Роберта обескуражило, что новый интерьер мне не понравился.
– О чем ты только думал? – спрашивала я.
– Я не думаю, – твердил он. – Я чувствую.
Роберт был добр со мной, но я сознавала: мыслями он где-то далеко. К его несловоохотливости я привыкла, но безмолвие под грузом мрачных мыслей было мне внове. Роберта что-то тяготило, причем не финансовые проблемы, что-то другое. Со мной он был неизменно ласков, но чувствовалось: его что-то гложет. Днем он спал, ночами напролет работал. Проснусь и вижу: он уставился на фигуры работы Микеланджело, висящие в ряд на стене. По мне, лучше уж ссора, чем молчание. Но Роберт был устроен иначе.

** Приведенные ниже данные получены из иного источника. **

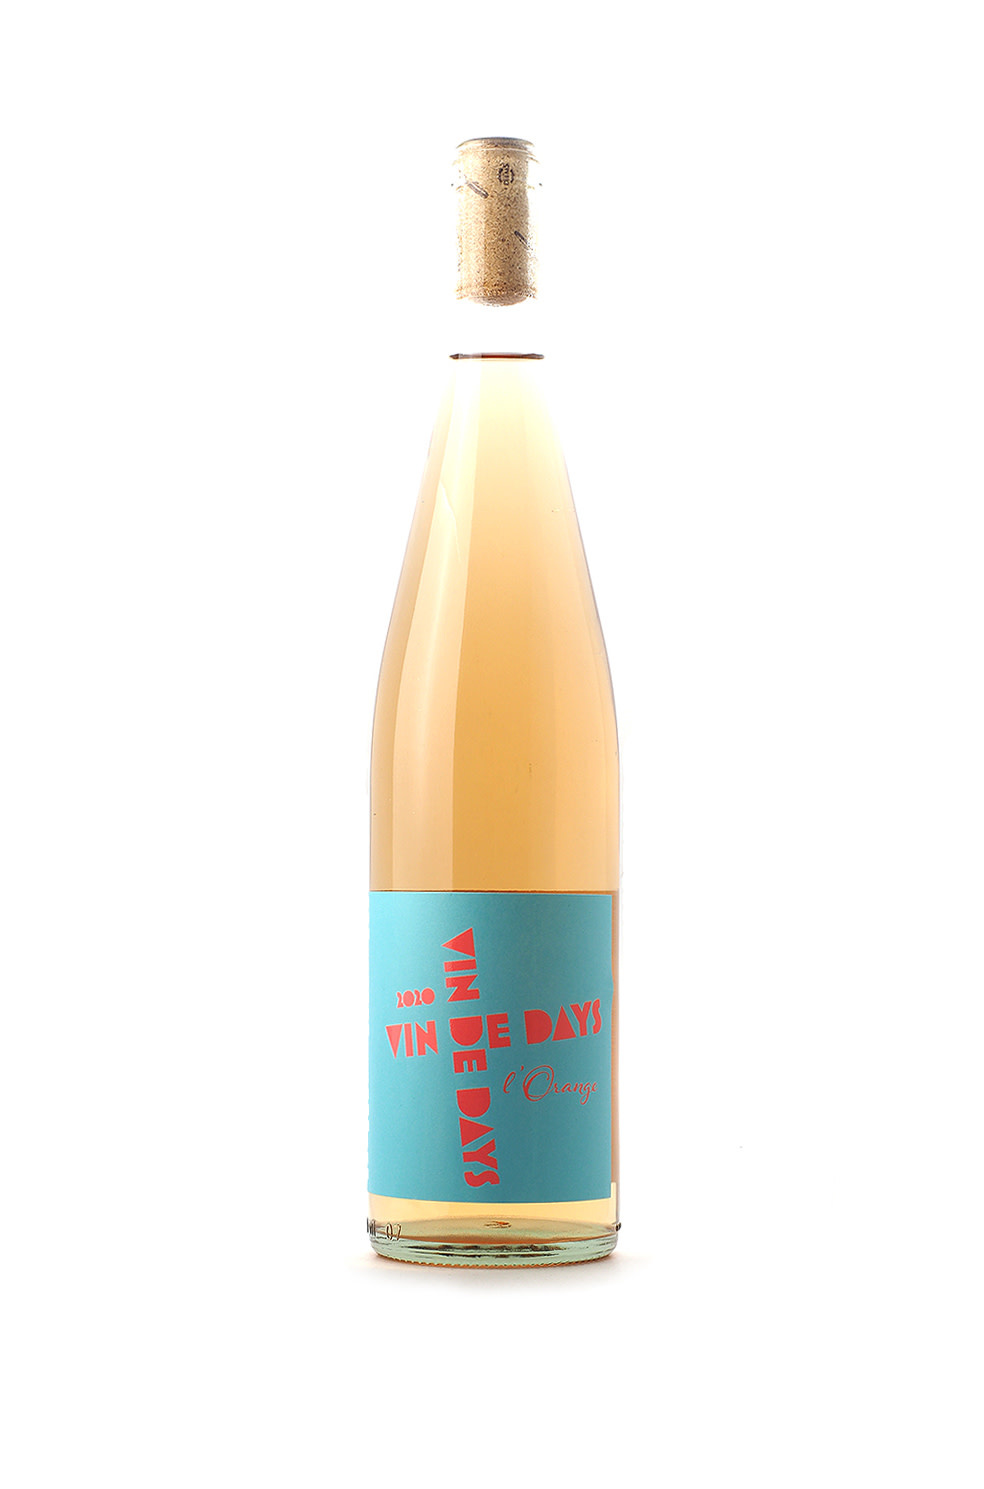 Day Wines Vin de Days L'Orange 2020
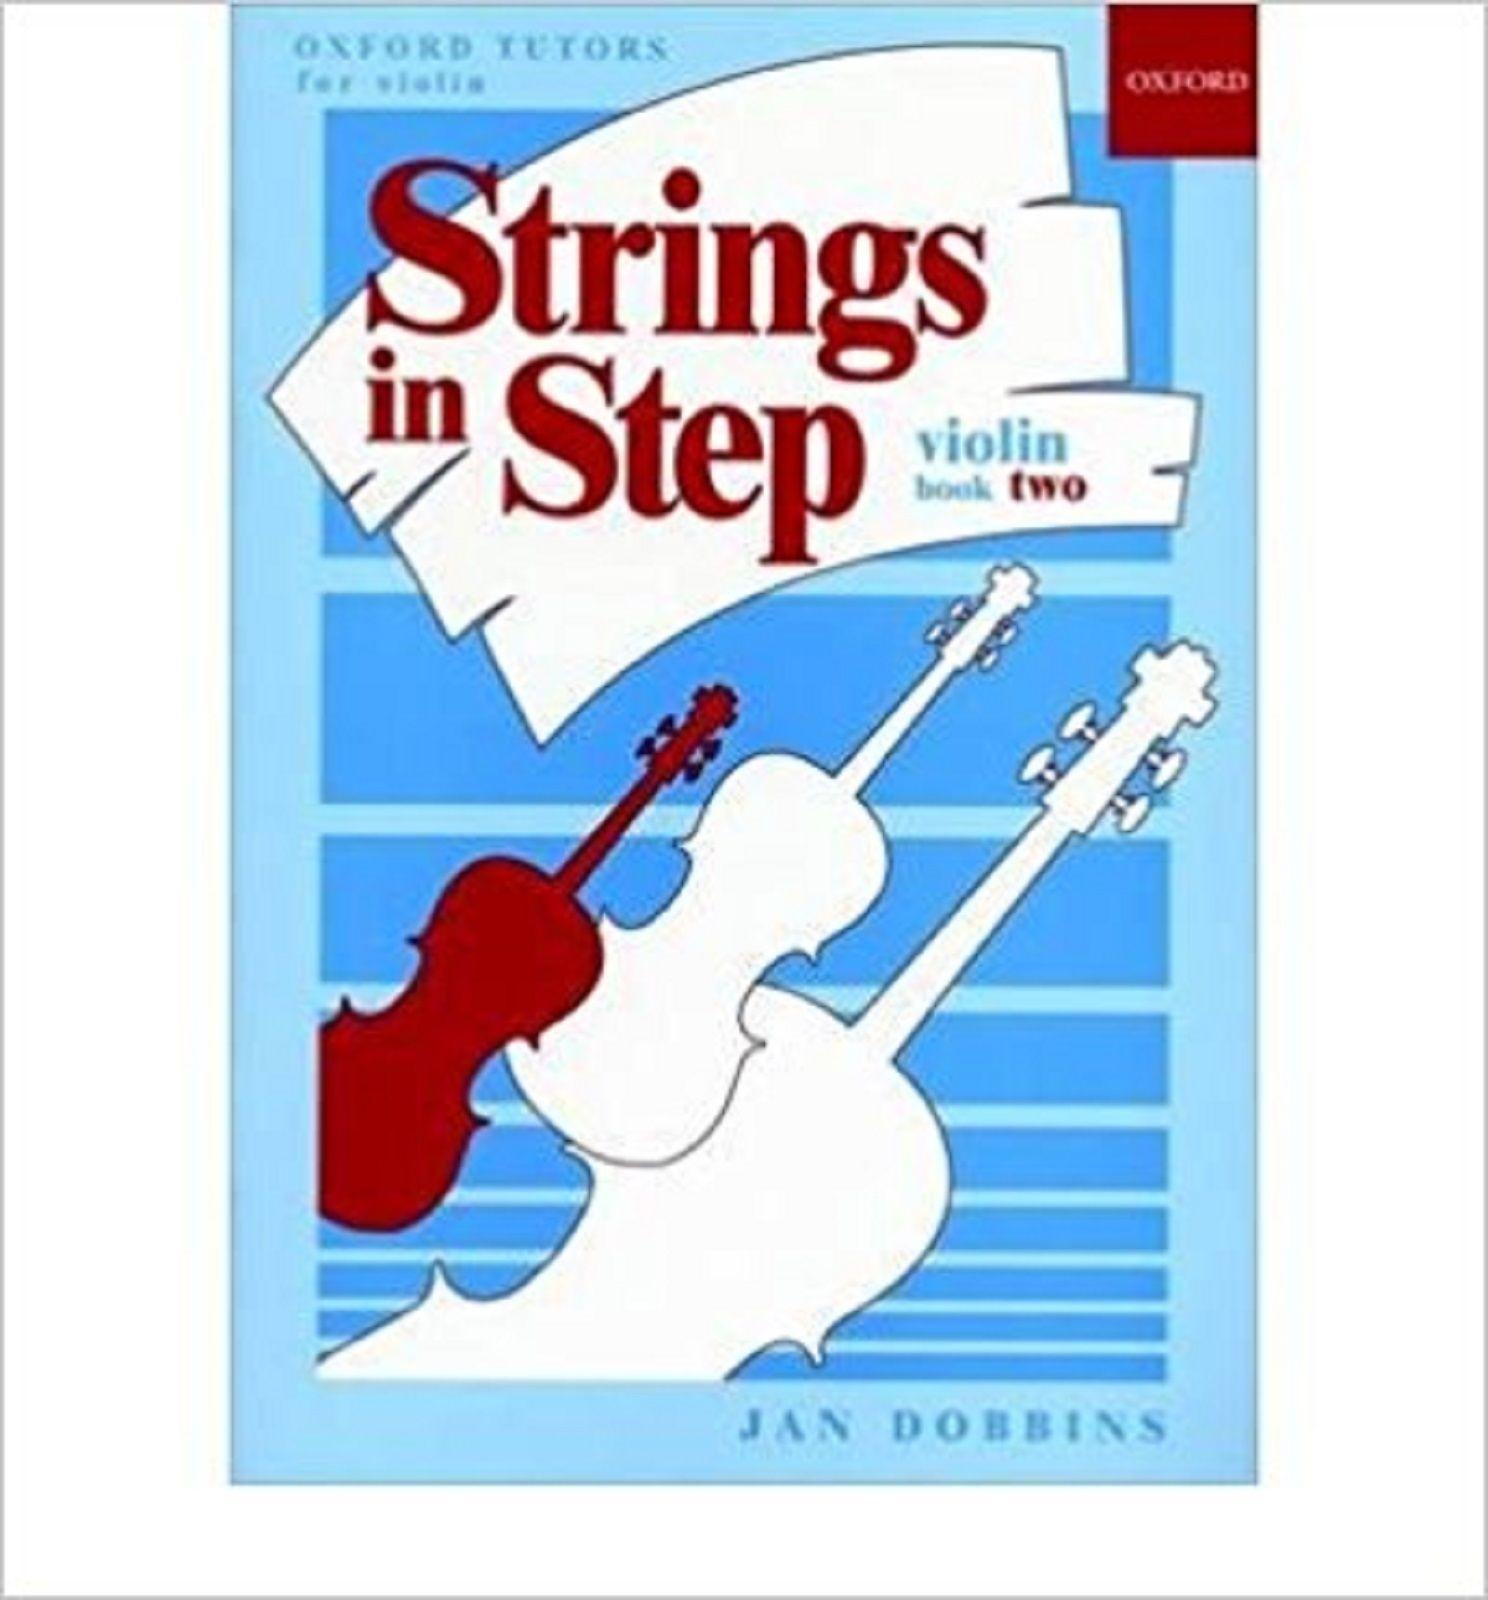 Strings In Step Violin Book 2 Learn How to Play Method by Jan Dobbbins S139

Я потеряла ключ к загадкам его настроений. И лишь одно подметила: теперь ночи тянулись без музыки. Роберт словно отгородился от меня стеной, бродил из угла в угол, смотрел невидящими глазами, не завершал работ. На полу валялись, как мусор, незаконченные коллажи – композиции из цирковых уродцев, святых и матросов. Роберту было несвойственно бросать работу в таком состоянии. Я чувствовала, что не могу пробиться сквозь мрак стоического отчаяния, который его окутал.
Смятение нарастало: Роберта все меньше устраивали его собственные работы.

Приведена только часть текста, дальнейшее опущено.